Nello studio da lei dedicato al più devastante fenomeno politico del ‘900, il totalitarismo, non ebbe riguardo ad abbinare in questa categoria nazismo e stalinismo, che invece erano ritenuti opposti dalla maggioranza (Le origini del totalitarismo, 1951, completato poi nel 1966). Il totalitarismo a suo parere non era solo un regime più autoritario e più violento di altri, ma un sistema che intendeva invadere e controllare tutte le sfere della politica, del mondo sociale, della cultura, del tempo libero, anche della famiglia, persino la sfera intima e privata di ogni singolo. Il suo obiettivo fondamentale, interpretato come missione religiosa assoluta, era giungere ad una umanità totalmente nuova, utilizzando una politica del terrore all’interno e una politica estera tesa all’aggressione di altri popoli fino ad un dominio mondiale. Fondamentale di ogni totalitarismo è una narrazione forzata che cambia totalmente la visione del mondo delle masse, modificando la loro percezione della realtà, investendola di continuo di slogan, di messaggi, terremotando la loro percezione quotidiana. Si facevano vivere le persone, scrive la Arendt, “in un condizionamento a causa del quale essi percepiscono la realtà non più come la somma totale di fatti duri e inevitabili, bensì come un agglomerato di eventi e parole in costante mutamento, nel quale oggi può essere vero ciò che domani è già falso”. Un’affermazione che sembra riferita ai nostri giorni.

Per la Arendt tutto ciò era inaccettabile, inconcepibile e insostenibile: “non l’Uomo ma gli uomini abitano questo pianeta. La pluralità è la legge della terra”. Al centro del suo pensiero si collocava la pluralità umana. Chi perseguiva l’esaltazione dell’Uomo, come se esistesse una essenza umana universale magari incarnata in un popolo o in una religione, che prescinde dai singoli, può giungere a ritenere irrilevanti “gli uomini” con le loro differenze, che nel progetto totalitario devono divenire completamente manipolabili. Questa donna coraggiosa e acutissima difendeva ogni forma di pluralismo, che prevedeva il confronto aperto, l’inclusione dell’altro, anche dell’estraneo, dello straniero, del diverso. L’altro, la relazione, ci costituisce.

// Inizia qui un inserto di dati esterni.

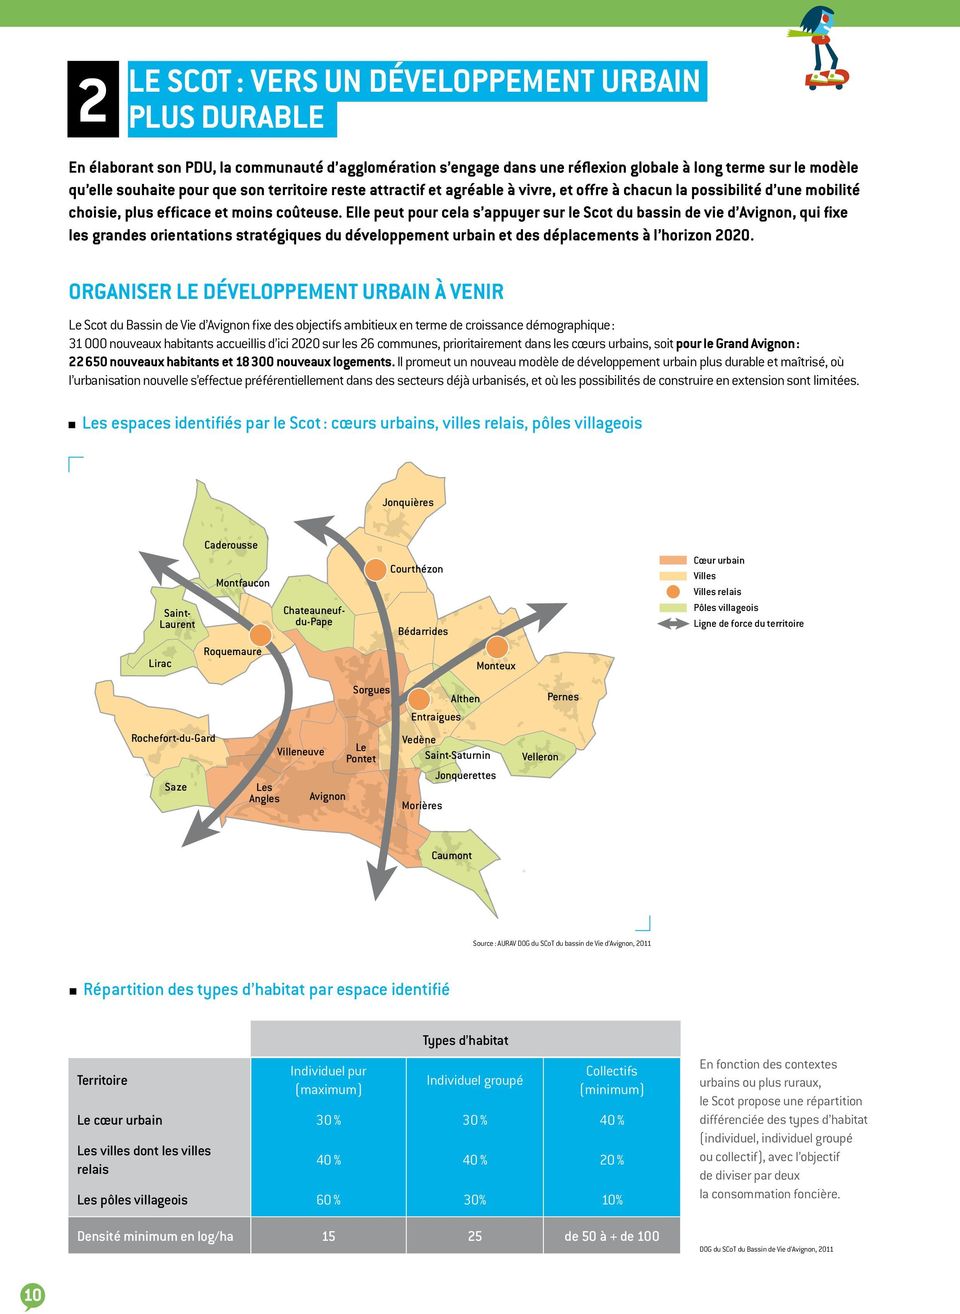 Elle peut pour cela s appuyer sur le Scot du bassin de vie d Avignon, qui fixe les grandes orientations stratégiques du développement urbain et des déplacements à l horizon 2020.

Questo dovrebbe essere l’impegno etico per tutti. Come ebbe a scrivere Marco Ceruti in una intervista: “la stessa Arendt, sulla scia del maestro Karl Jaspers, dopo gli orrori dell’Olocausto, faceva appello a una “colpa metafisica” di tutti in quanto appartenenti al genere umano e, pertanto, parimenti corresponsabili del male compiuto dall’umanità, a prescindere dall’appartenenza nazionale o etnica specifica di chi perpetra direttamente questo male”. Rispetto assoluto dell’individuo, dunque, la cui nascita va intesa come origine del mondo. Non si possono calpestare i singoli per salvare o difendere un popolo, una religione, un’utopia politica.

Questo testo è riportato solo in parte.